Kathryn Sikkink: Can human rights prosecutions change world politics?
Kathryn Sikkink: Can human rights prosecutions change world politics?
On January 11, Kathryn Sikkink was the featured speaker at the Sanela Diana Jenkins International Human Rights Speaker Series hosted by the Program on Human Rights at the Center on Democracy, Development, and the Rule of Law.
Next week, the Sanela Diana Jenkins Human Rights Speaker Series on Human Trafficking will welcome Karen Alter, a Professor in the Political Science Department and Law School of Northwestern University on Tuesday, January 18. The Series is held in the Landau Economics Building, Room 140, from 5:30-6:45 PM and is open to the public.
Professor Kathryn Sikkink introduced her forthcoming book The Justice Cascade: How Human Rights Prosecutions are Changing World Politics, during the second session of the Sanela Diana Jenkins International Human Rights Speaker Series. Sikkink, a Professor of Political Science and an affiliate of the Law School at the University of Minnesota, presented what she called a “dramatic and puzzling change” in the global struggle for human rights – the striking and sudden emergence of individual criminal accountability for state officials who violate these rights. She observed that the recent and dramatic cascade of legal proceedings against individual human rights violators marked a growing global consciousness around human rights.
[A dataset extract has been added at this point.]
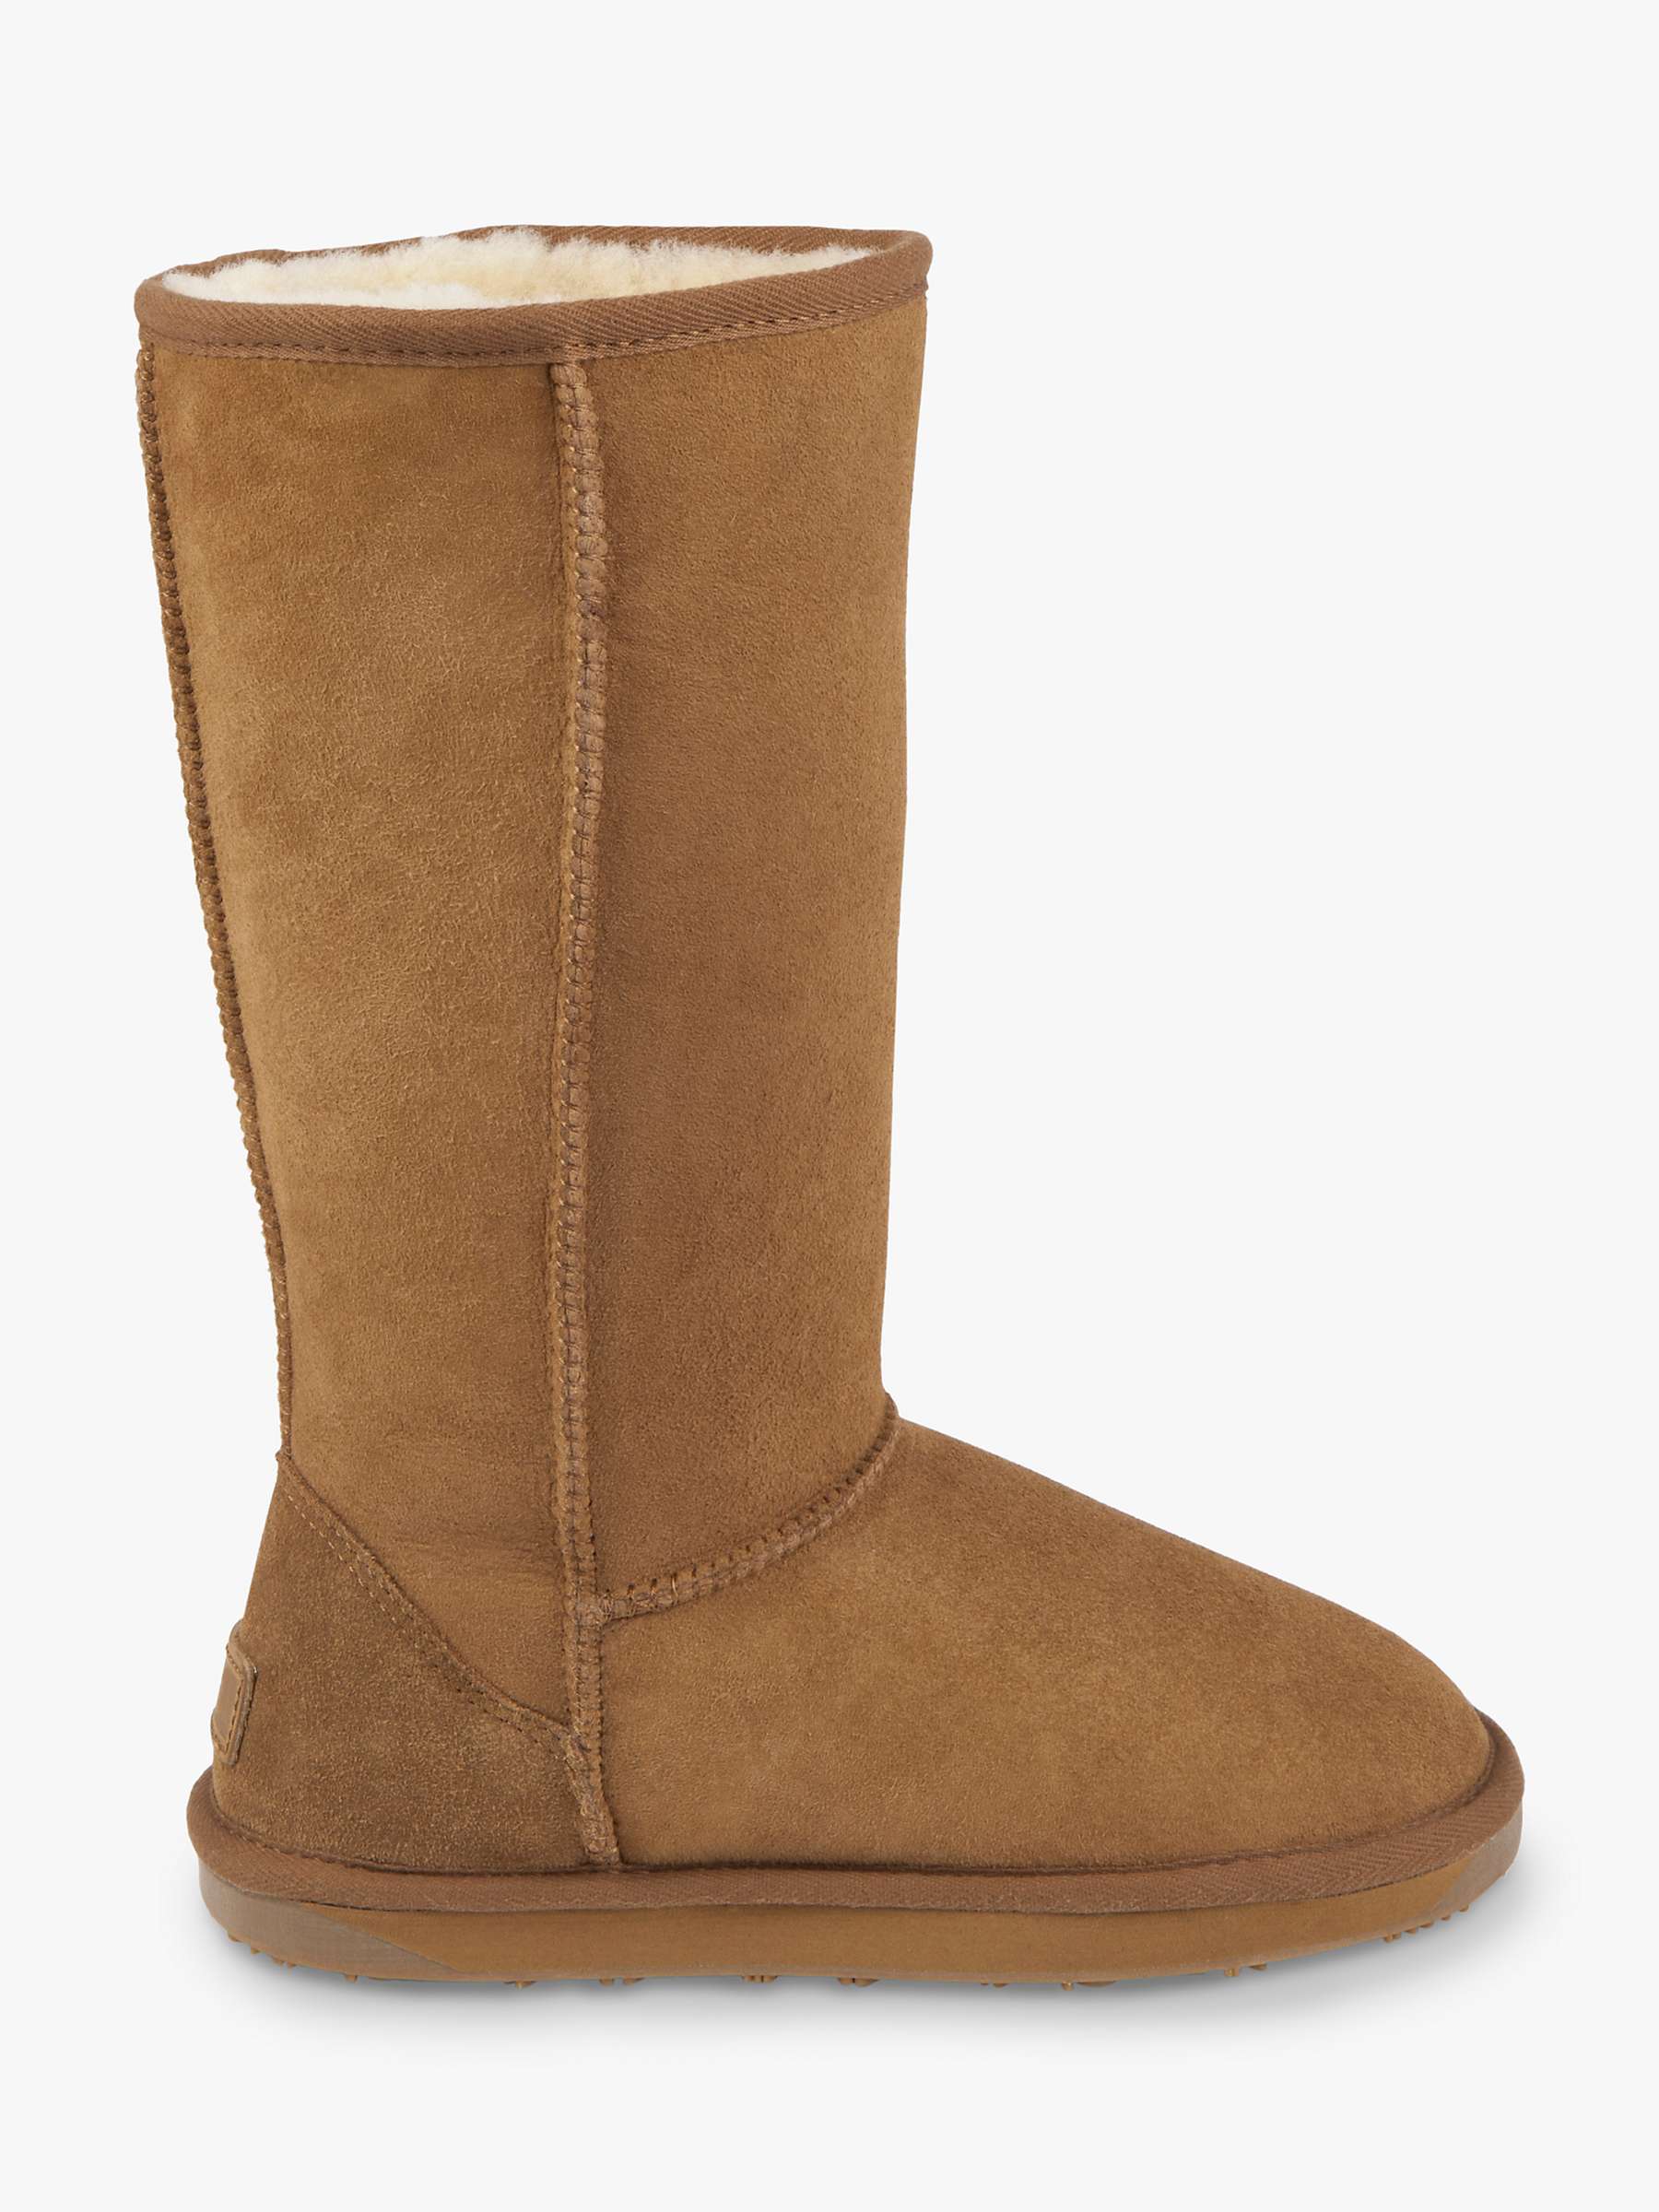 Buy Just Sheepskin Tall Classic Boots, Chestnut Online at johnlewis.com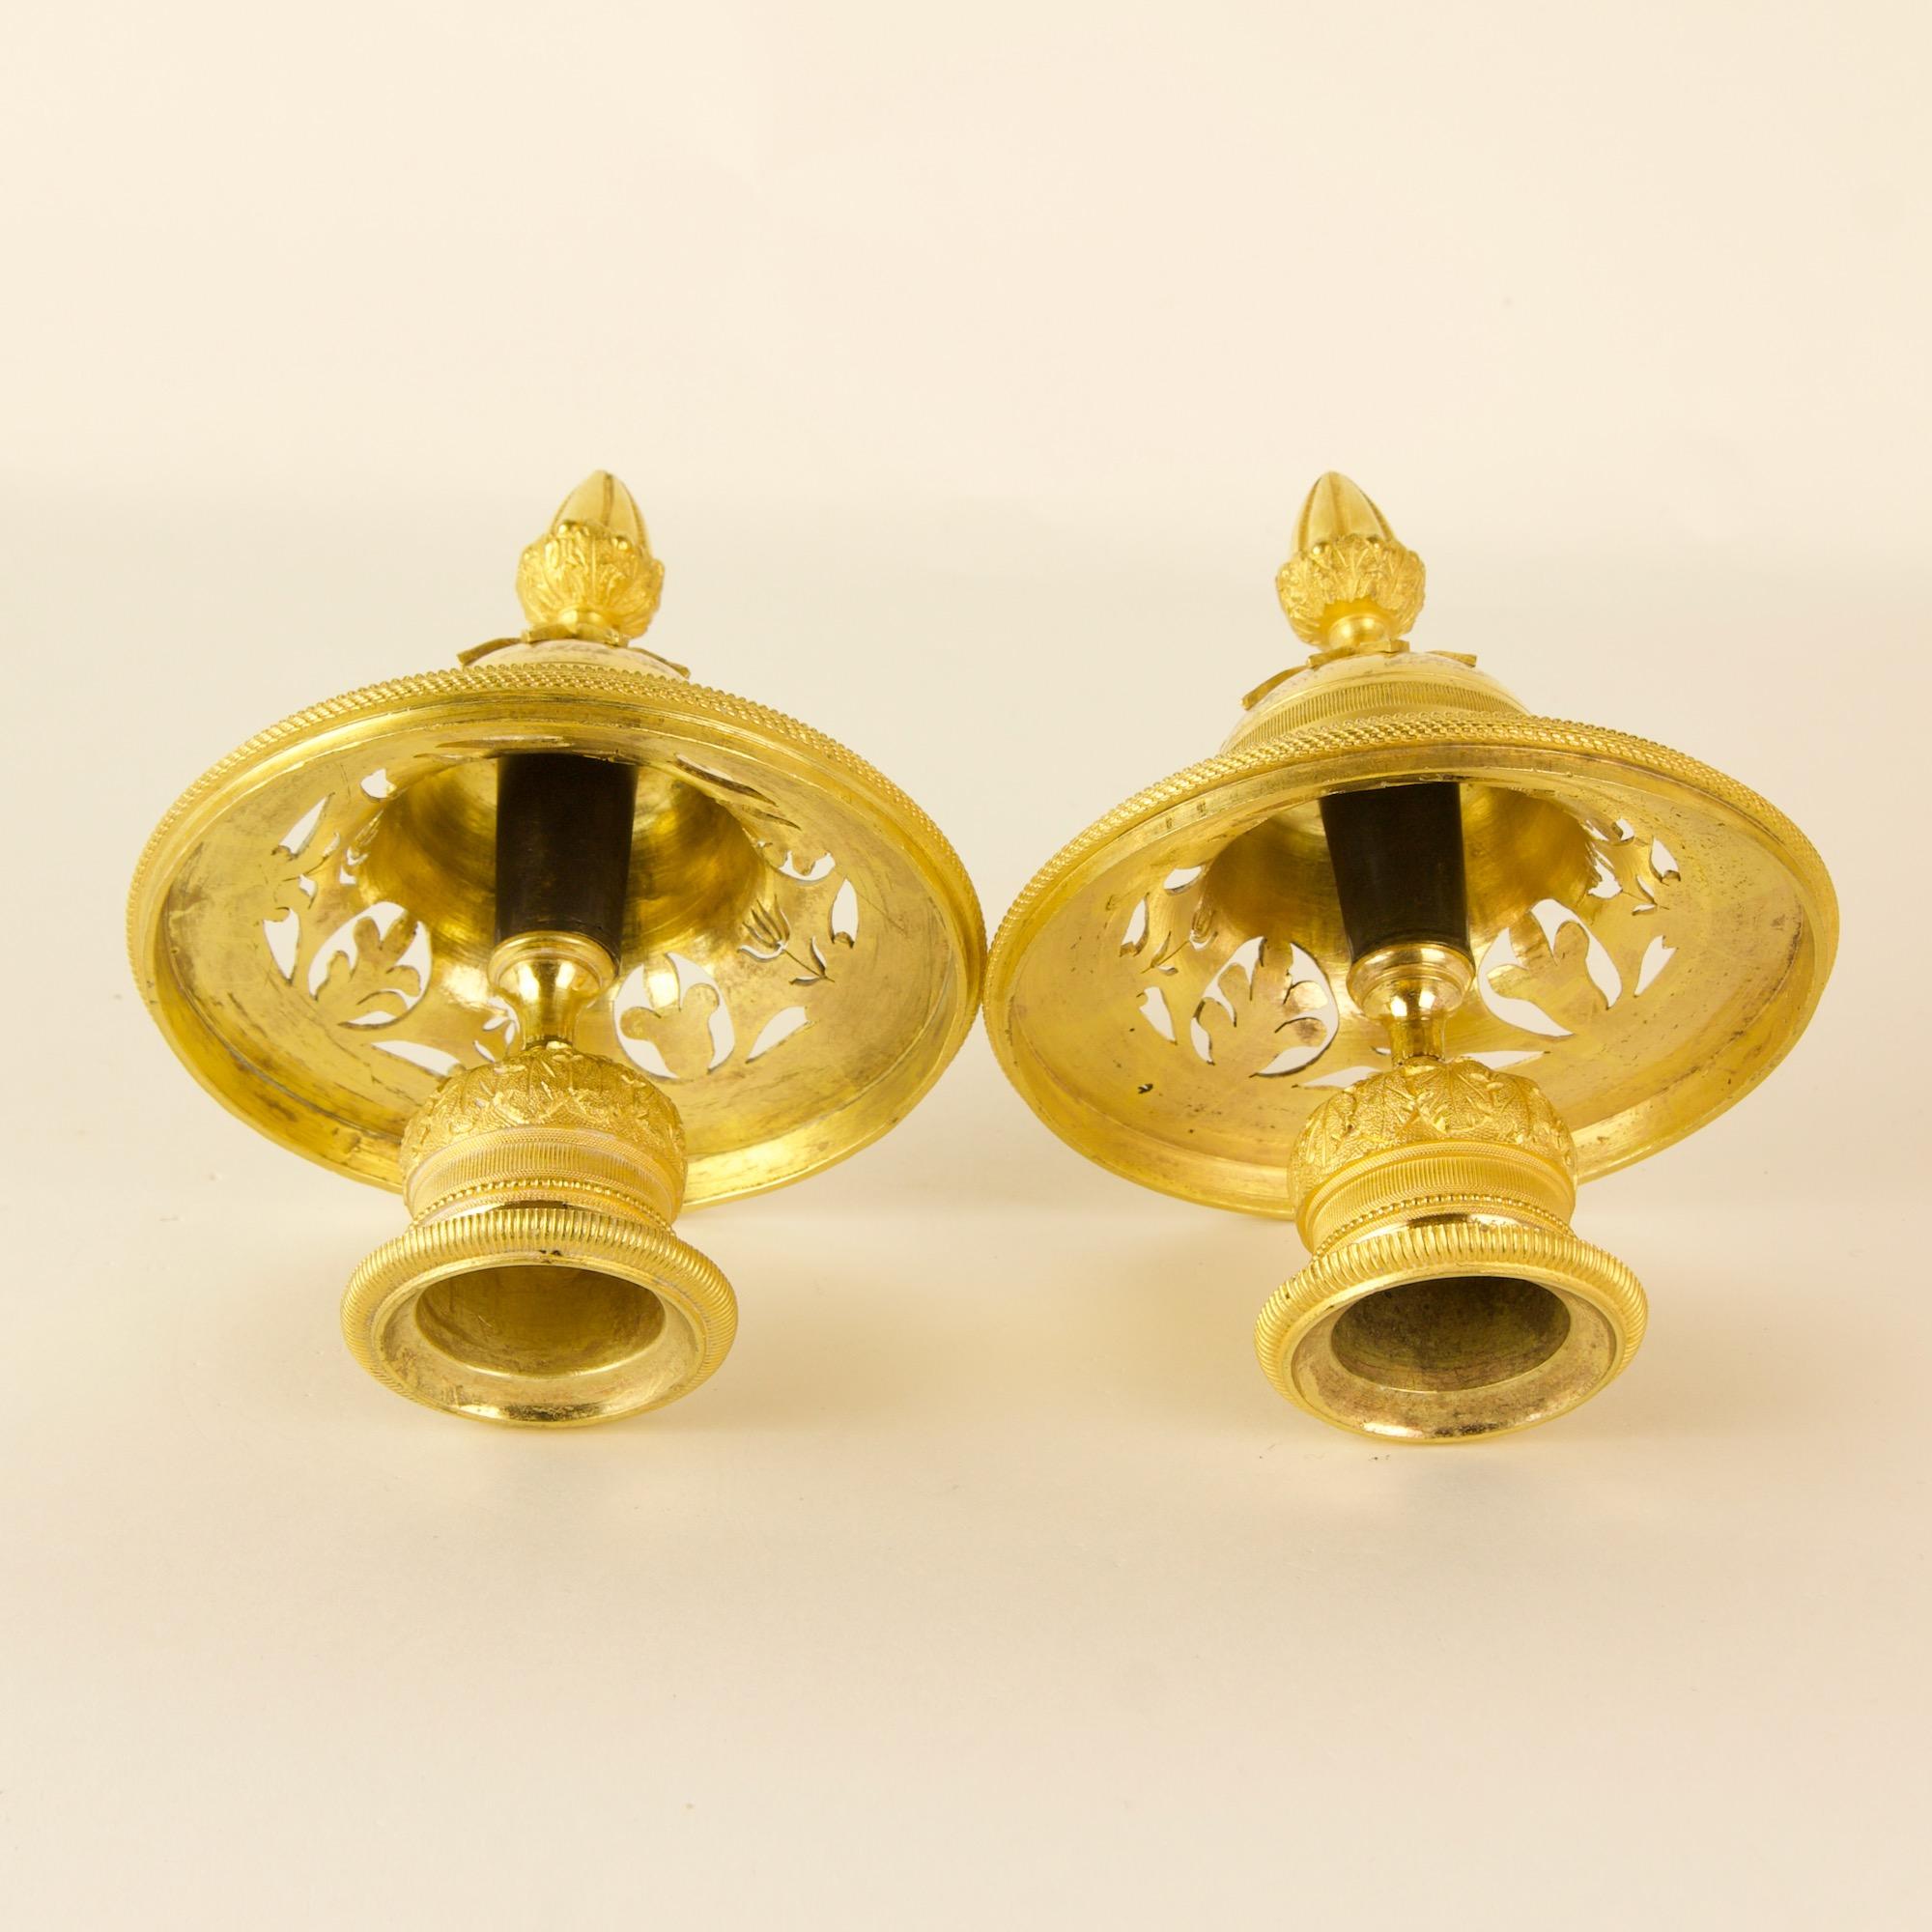 Pair of Early 19th Century French Empire Gilt and Patinated Bronze Cassolettes 15

Professor Sikkink then focused on the challenge of establishing what effect, if any, the explosion in prosecutions has had. Pointing to data which suggested that states with human rights trial experiences had a lower level of repression, Sikkink theorized that prosecutions may help to establish and diffuse societal human rights norms that influence behavior both within a country and a region. She proposed that these legal efforts are part of a broader “emerging decentralized, interactive system of global accountability” that refuses to remain idle in the face of human rights violations.